Student society in Ontario, Canada

The Osgoode Constitutional Law Society (OCLS) is an official student society at Osgoode Hall Law School dedicated to the study and appreciation of constitutional law. Founded in 2014, OCLS is one of Osgoode's premier student organizations, hosting competitive law moots and speaking engagements, while fostering opportunities for academic and professional development in the field of constitutional law.

== History ==
OCLS is an official student society funded and overseen by Osgoode's Legal & Literary Society. OCLS was founded by Kevin Gillespie and several first year law students during the second half of the 2013-14 academic season, with one of its first events being a talk on the implications of the Supreme Court of Canada’s R v Bedford decision which legalized prostitution.

During its first full academic season in 2014–15, OCLS hosted The Crown & Constitution speaker's series, with speakers including the Lieutenant Governor of Ontario, Elizabeth Dowdswell, along with several leading academics in the study of the Canadian Crown, including Peter Russell and Jacques Monet. The speaking series was sponsored by the Monarchist League of Canada, and participants were offered research publication opportunities through the York Centre for Public Policy and Law.

During the 2015–16 academic year, OCLS hosted a number of speaking engagements with several of Canada's leading constitutional scholars, including Peter Hogg, David Leposfsky and Ontario's Deputy Attorney General, Patrick Monaghan.
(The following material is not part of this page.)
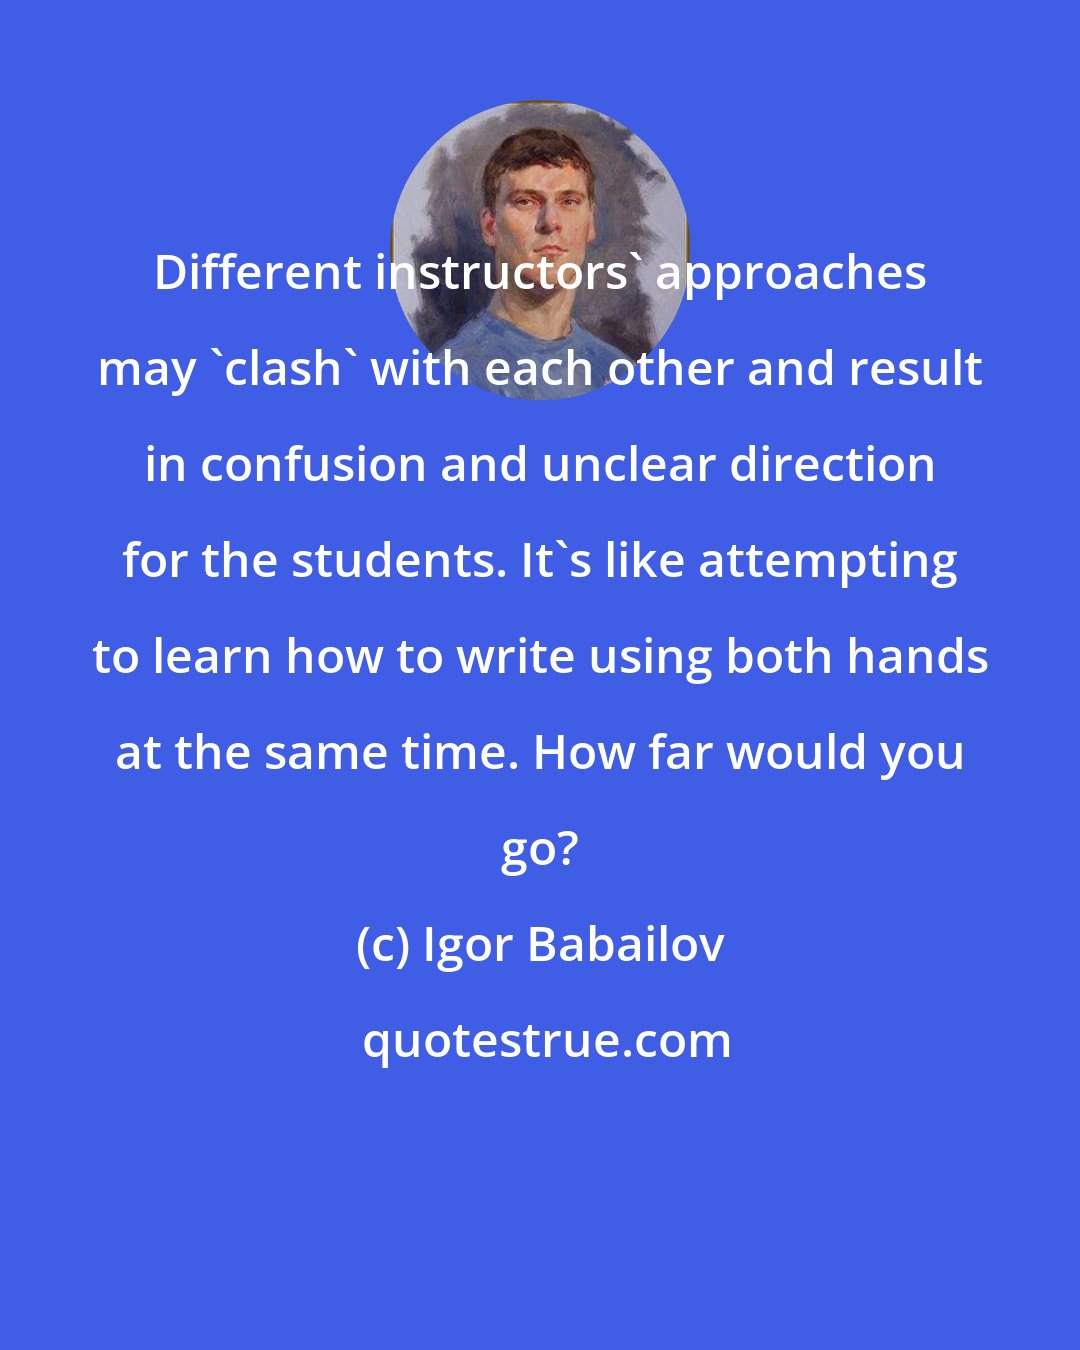 Igor Babailov: Different instructors' approaches may 'clash' with each other and result in confusion and unclear direction for the students. It's like attempting to learn how to write using both hands at the same time. How far would you go?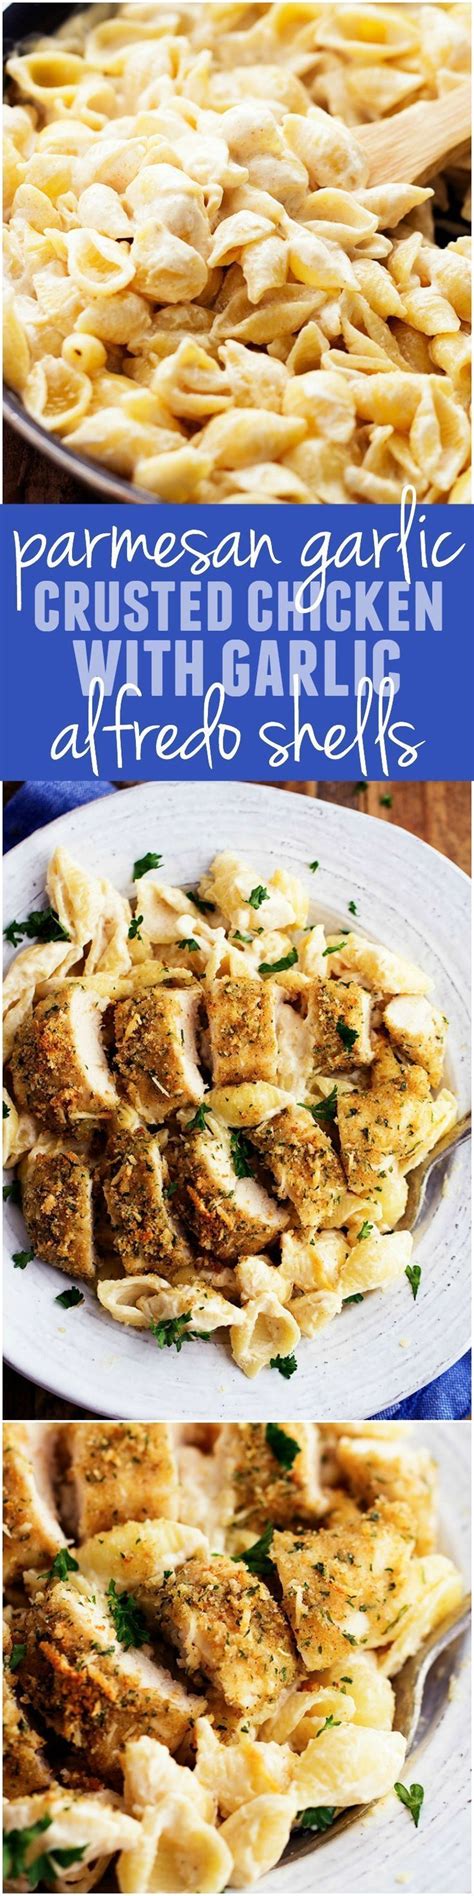 This super easy parmesan crusted chicken recipe tastes just like the longhorn restaurant! Parmesan Garlic Crusted Chicken with Garlic Alfredo Shells ...

OCLS also organized a special event, The Magna Carta and Canada’s Constitution, to coincide with the 2015 Magna Carta exhibition at Toronto's historic Fort York.

In the 2021–22 academic year, OCLS hosted its first Constitutional Law Moot, which has since become an annual hallmark of Osgoode’s academic season. The Moot's guest judges have included high-profile members of Canada's judiciary and legal community, including Michael Moldaver, former Puisne Justice of the Supreme Court of Canada, and Justice Lorne Sossin of the Ontario Court of Appeal.